__Aim of the task__. Please write out only the lines from the line with "クラシカルな雰囲気のピアノアンサンブルの再生済みの波形" to the line with "ダブルウォールグラス|耐熱ガラス2層式のダブルウォールグラス", inclusive, exactly as they stand below, without the pictures.

====== Records provided

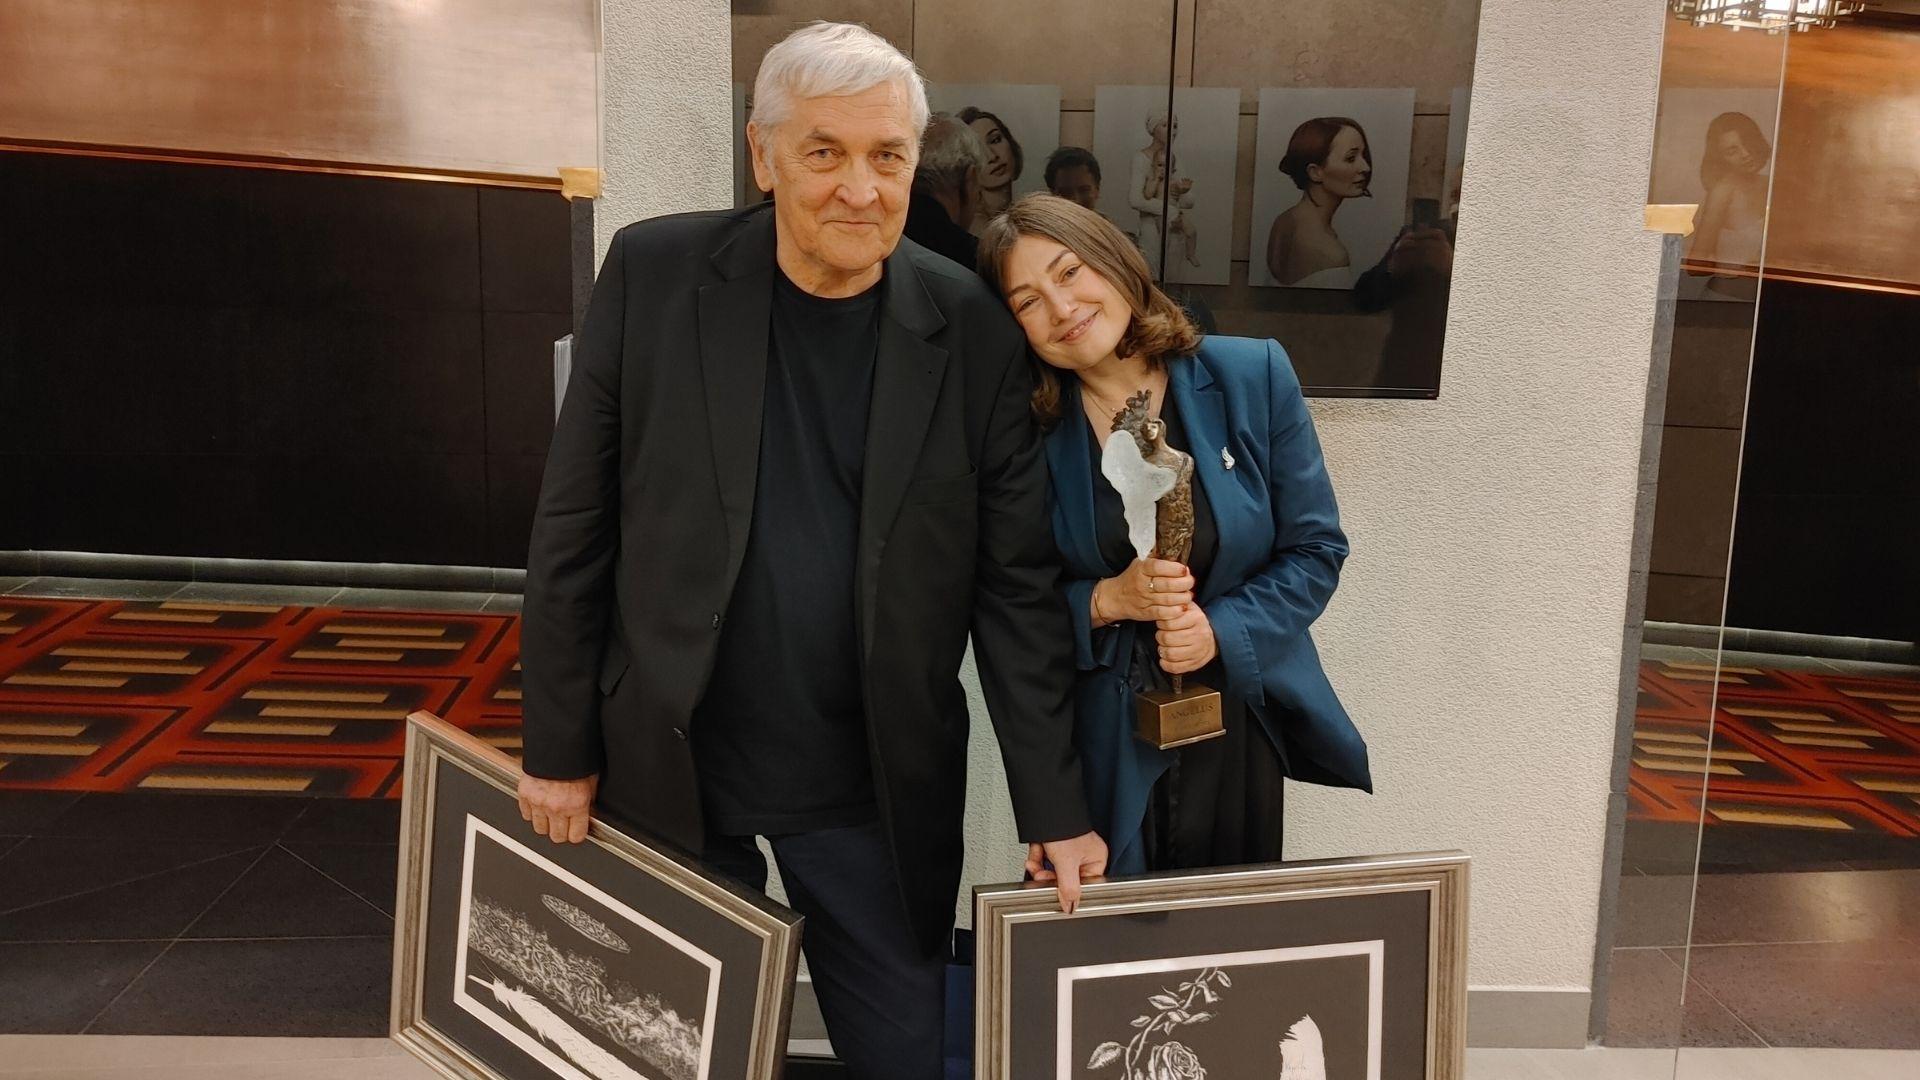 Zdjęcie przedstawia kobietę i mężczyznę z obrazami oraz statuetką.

============
====== Records provided

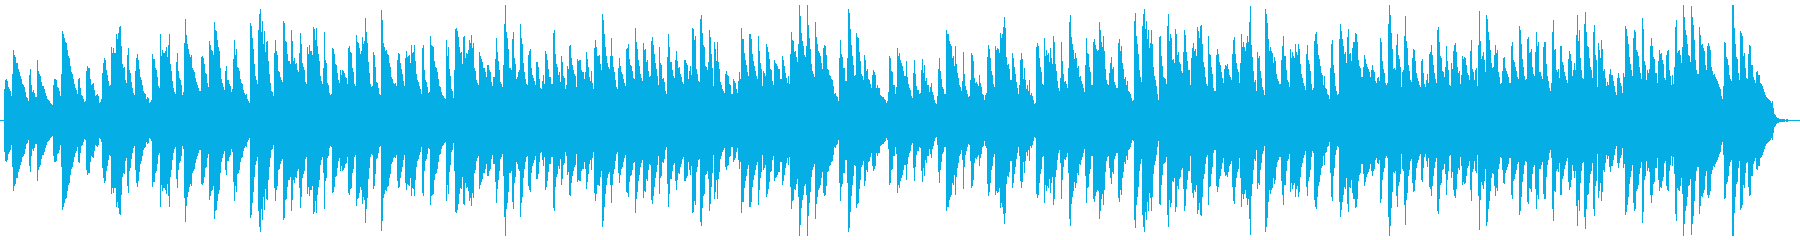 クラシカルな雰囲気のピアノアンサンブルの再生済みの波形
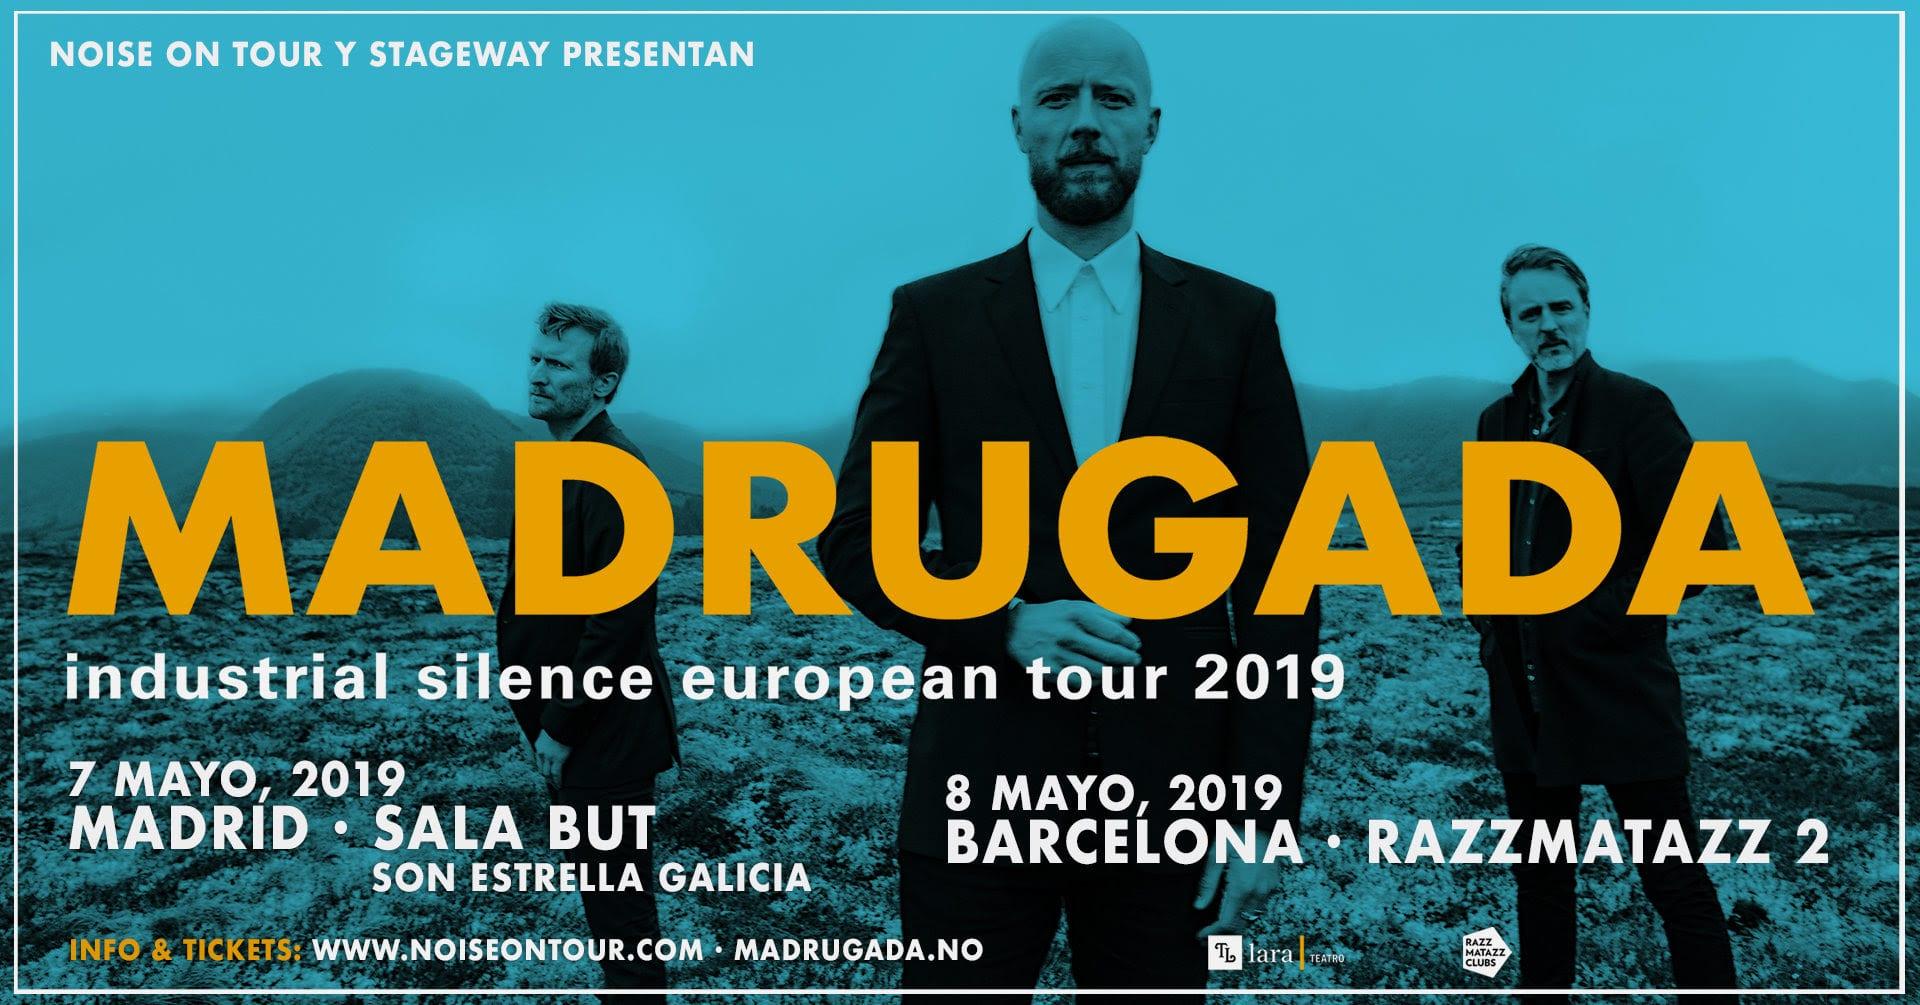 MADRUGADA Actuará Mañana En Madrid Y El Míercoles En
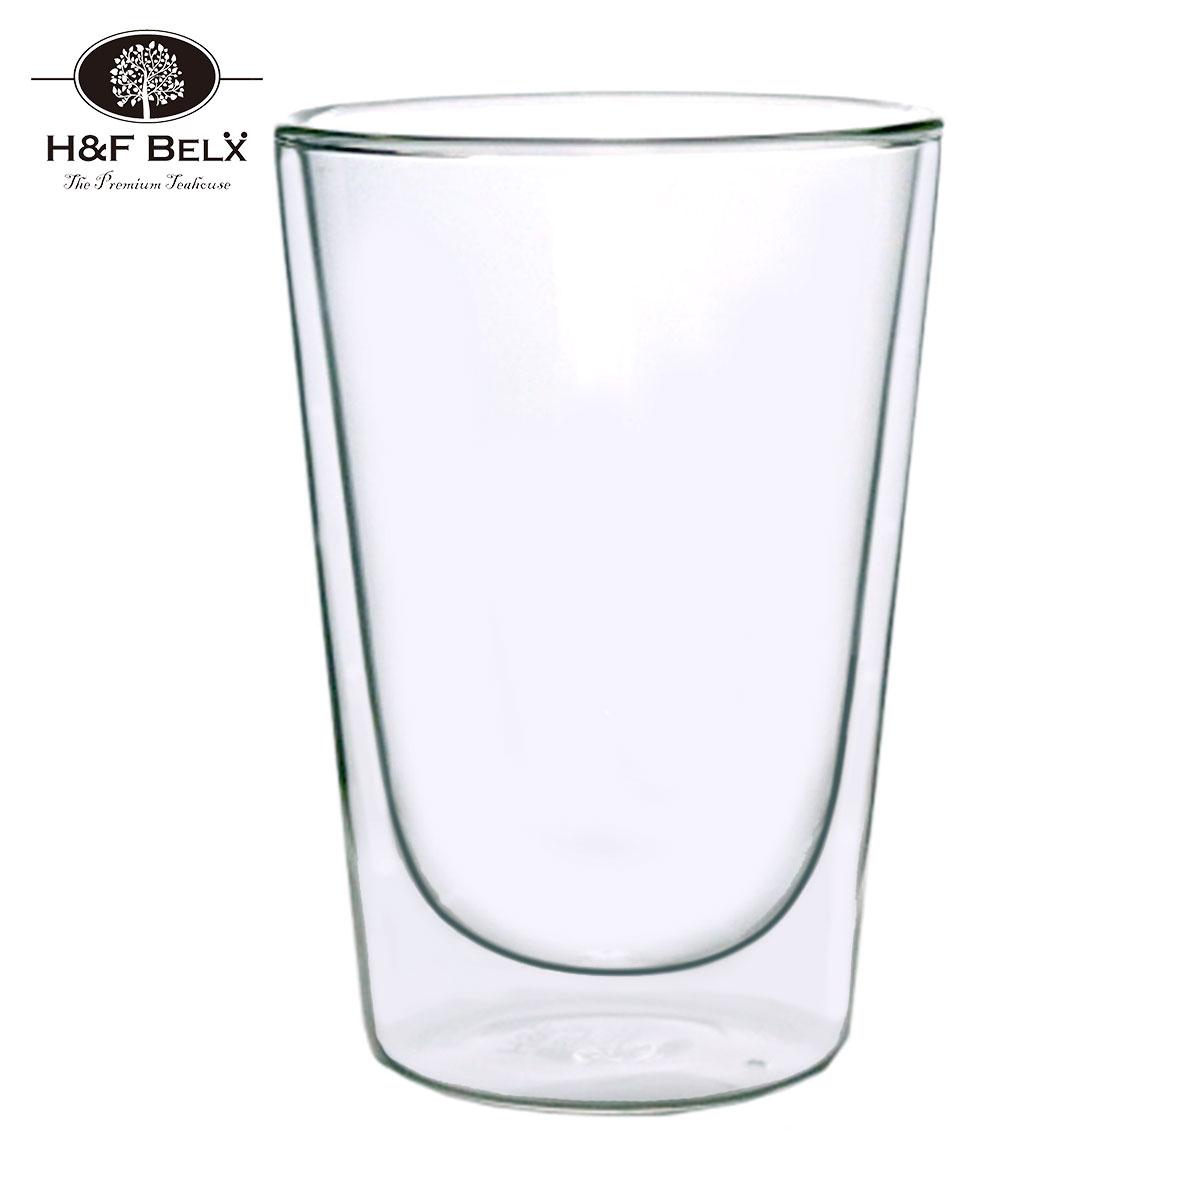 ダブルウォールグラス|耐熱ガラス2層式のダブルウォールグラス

============

__Solution to this problem__.
 クラシカルな雰囲気のピアノアンサンブルの再生済みの波形
 MADRUGADA Actuará Mañana En Madrid Y El Míercoles En
 ダブルウォールグラス|耐熱ガラス2層式のダブルウォールグラス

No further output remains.